The Comando Operacional do Continente (COPCON, Operational Command of the Continent) was a military command for Portugal created by the Armed Forces Movement in the period following the revolution of 25 April 1974 and was dissolved after the failed far left coup of 25 November 1975.

COPCON was created on 8 July 1974 by President António de Spínola, with the aim of protecting the democratic process initiated by the Carnation Revolution. It consisted of special military forces such as marines, paratroopers, commandos, military police.

Copcon chief Otelo Saraiva de Carvalho, accumulated Copcon with the command of the Military Region of Lisbon, assuming himself as one of the drivers of the Revolutionary Process also known as PREC. He was one considered to be of the most powerful persons during this revolutionary period.

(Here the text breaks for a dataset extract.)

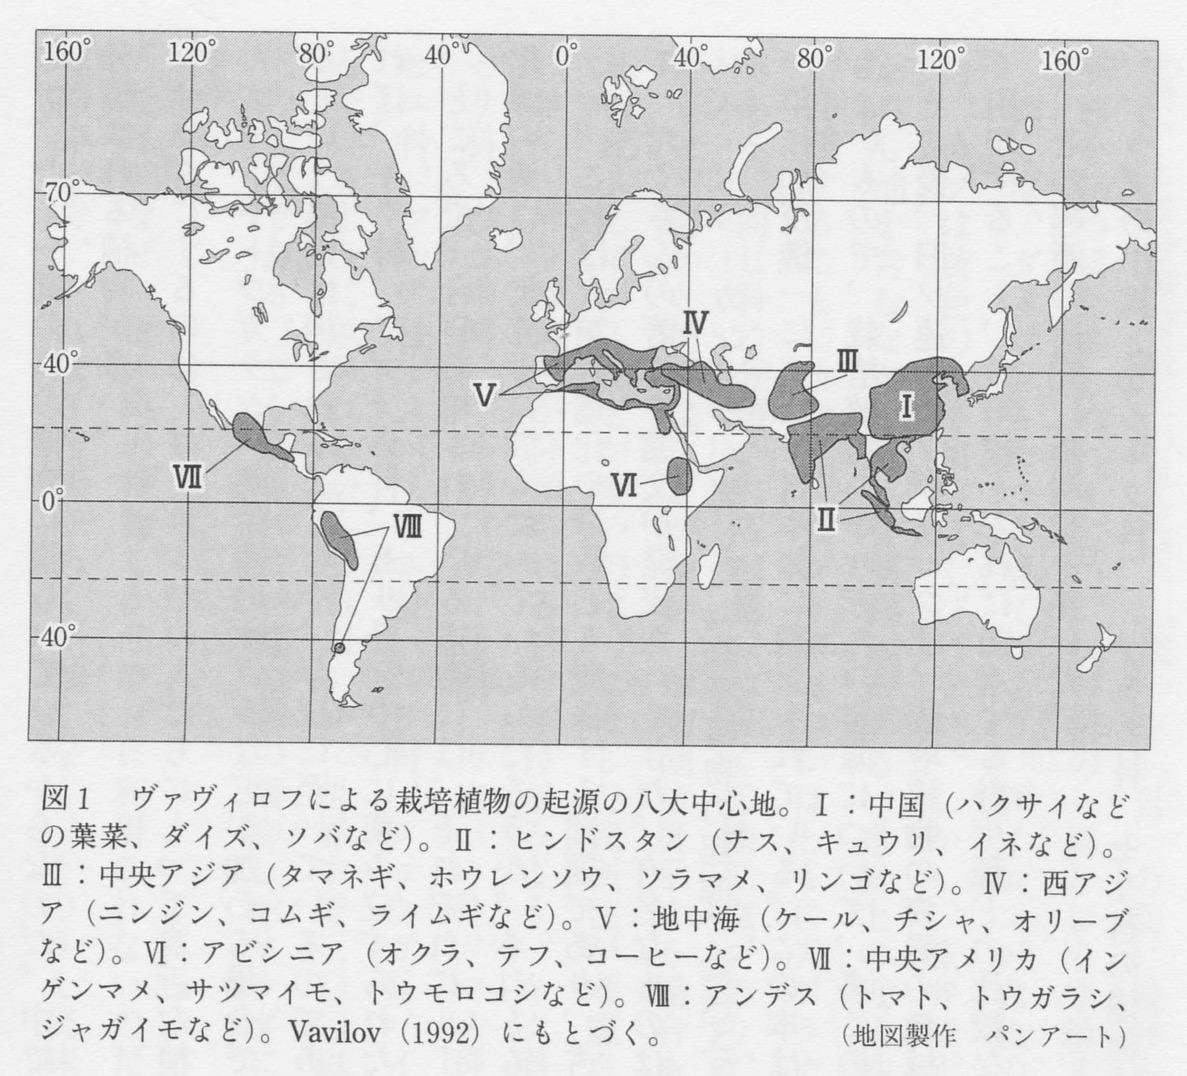 f:id:yashoku:20200810151059j:plain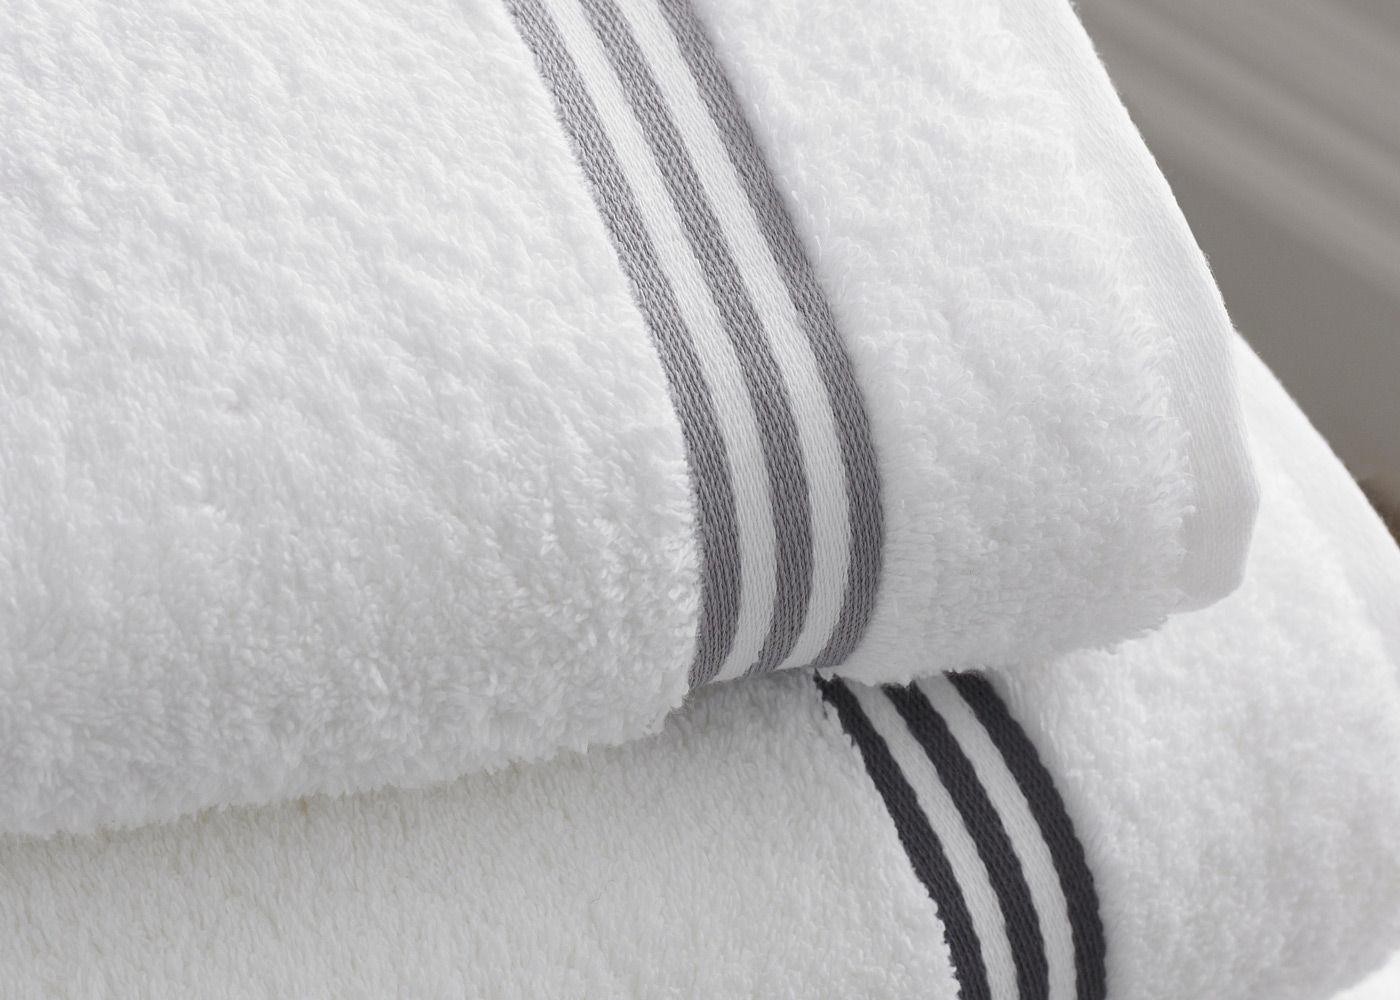 besser schlafen bei sommerhitze mit diesen 10 tipps. Black Bedroom Furniture Sets. Home Design Ideas

Otelo and Copcon gained prominence after the revolution of March 11, 1975, and during almost the entire revolutionary period known as PREC. Copcon was responsible for issuing several blank arrest warrants and for the indiscriminate arrest of thousands of people, without any formal charges or court order, but with charges such as economic sabotage. He was also backing land occupation in Alentejo and house occupation mostly in Lisbon. Also famous was the arrest of around 400 far left MRPP militants on 28 May 1975.

In August 1975, the “Documento dos Nove” was published in a newspaper. It was also known as Melo Antunes Document and had unpredictable effects both in the military and in the civil field. It constituted a common platform for all those who, dissatisfied with the growing hegemony of the Communist Party within Vasco Gonçalves government as well as the far-left radical groups allied with the Copcon. It advocated a change in the course taken by the government as well as the overall revolutionary process.

In response, COPCON officials published the document “Copcon's Revolutionary Self-Criticism/Work Proposal for a Political Programme”. This proposed a radical political model based on grassroots popular power and would later have the support of the far left parties like PRP/BR, the MES and the UDP.

In September 1975, Otelo was relieved of his duties at Copcon with the creation of the AMI (Military Intervention Group) and on 20 November, he was replaced in command of the Lisbon Military Region by Vasco Lourenço.